California Property Division Laws

Divorces may rank among some of the most horrifying moments married partners have to deal with and it gets even more complicated and stressful when properties are involved.

For instance, one partner contributes a larger sum of finances into an investment owned by the two parties like a residence or even in cases where there are pension and retirement benefits to divide. Chances are that tempers will rise and words will be thrown and finally a lawsuit will be filed. Here is where the stakes get higher.

Family law litigation will definitely ensure that the whole divorce process takes longer than anticipated and more legal expenses will also be incurred in the long run. At the end of the day, you will realize that the emotional and financial aspects of it all may cost so much that you even start thinking whether it was a wise choice to go to court.

But if you believe that the court can rule in your favor, then this is the time you need to look for a good and experienced attorney in the field who will advise you on how you should proceed with the case.

Marital property

Marital property can be classified into many different classifications, namely the quasi-community property and the quasi-marital property. At this stage, the judges and attorneys attempt to figure out the total assets and debts of the two partners and their attributes towards these debts as both community and separate properties.

Community property

This is a fancy name of calling the property that is obtained during a marriage and is still owned until the date of the separation, and which may also be subjected to be community property as per the laws of California. In such cases, each of the separated parties has 50% ownership interest in all of the community properties as well as the equal rights of the control and management of the properties.

Community property usually includes all the assets and debts of the separated couple in a marriage as well. This is usually a vital step in trying to determine who will be responsible for paying off the debts during the legal separation or marriage dissolution.

Quasi-community property

This is also another very important consideration you need to have in mind when filing for a divorce if the property involved was acquired by both partners outside of California during the marriage. It’s no big news to find married couples that own houses in other states or countries together these days as people tend to move around a lot. And in the process, you and your spouse may decide to buy new residences in other states which can be a real headache, especially when the couple now wants a divorce and both are laying claim to these properties.

These types of assets are usually referred to as the “quasi-community properties” which is another way of saying that this is a case of legal separation between two parties who acquired property from another state while they were still married.

In such cases, the quasi-community properties are usually treated as part of the “community estate” and are always divided as with the community property. Equal treatment is given to both sets of property by the law of California.

Do you have a question about division of property during a divorce? Click here to contact Von Esch Law today!

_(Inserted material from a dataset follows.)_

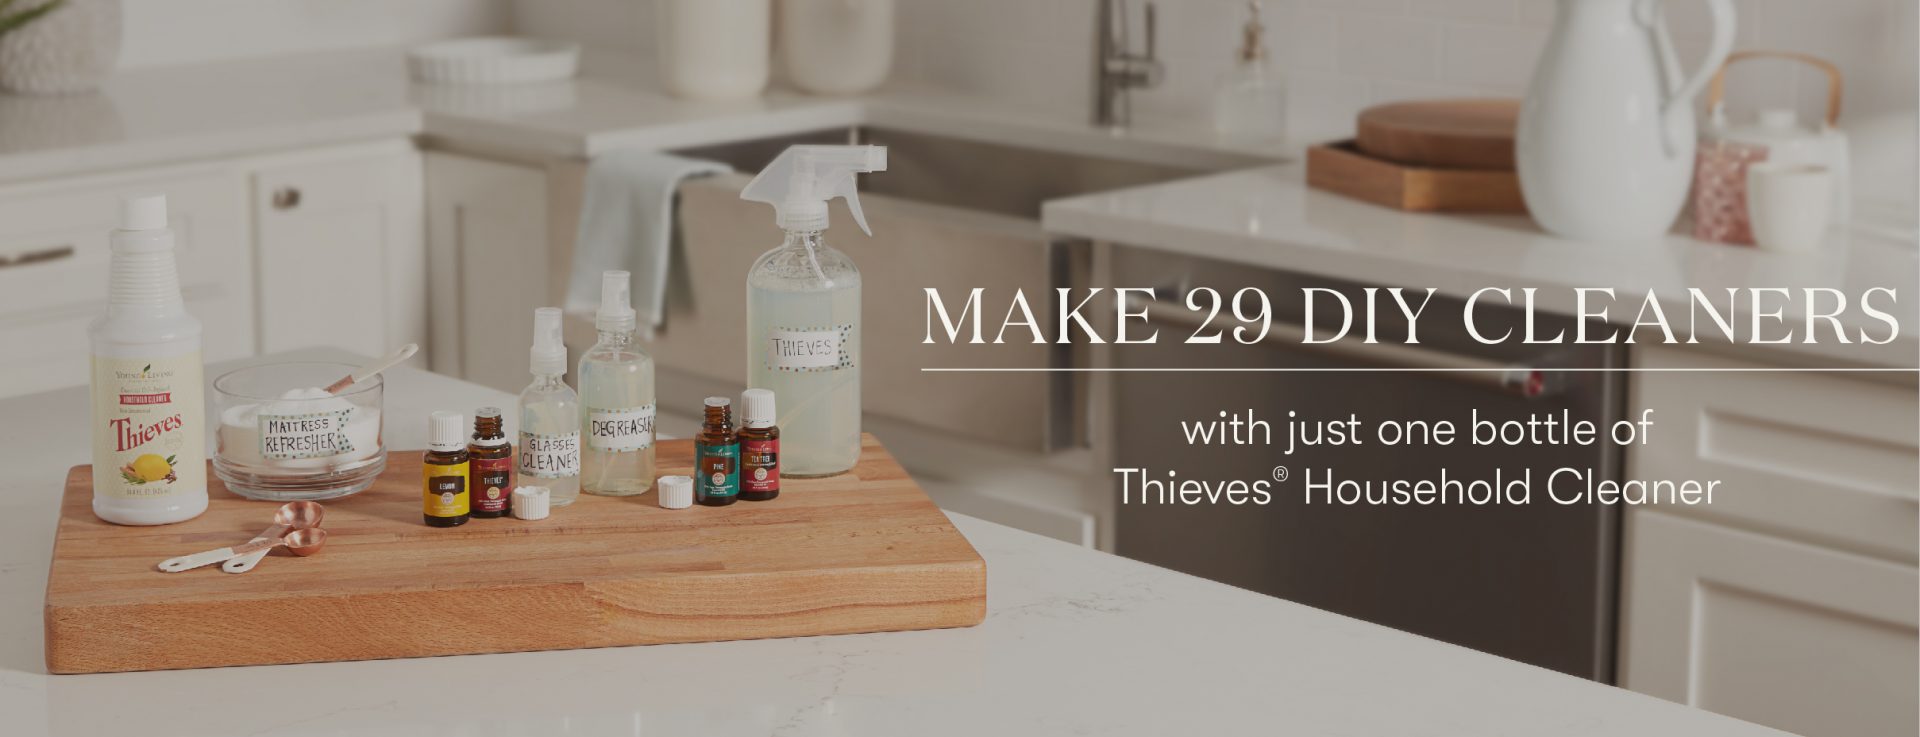 https://www.youngliving.com/blog/wp-content/uploads/2020/11/blog-Q4-Reposts-November-2020-Make-29-DIY-cleaners-with-just-one-bottle-of-Thieves-Household-Cleaner_Header_US.jpg

Child Support Guidelines in California

One of the most disputed issues in any divorce is child support. Usually, you find that the parent who is most likely winning the case, intends to limit the other parent’s time spent with the child proactively. And in most cases, you will also find that other ex-spouses attempt to underreport their original income to limit the amount that they will have to pay for child support.

Either way, you should know that paying child support is obligatory in California, but with one exception. This article will highlight some of the child support guidelines that have been set in the state of California.

Overview of child support guidelines

In California, both parents are required to always provide child support to their young children in case of any separation of the spouses before the children come of age. Usually, the amount of child support that each parent puts into the child support is based on the circumstances that the parents are in at the moment. This means that the child support that each parent puts up is based on the amount of income they make.

Both parents are obliged to contribute child support for the child until the child is 18 years old when the state officially recognizes the child as an adult. As a parent to the child affected by your separation between you and your spouse, you are allowed to put more money in your child support amount than required, but must never pay any amount below the one stated by the court.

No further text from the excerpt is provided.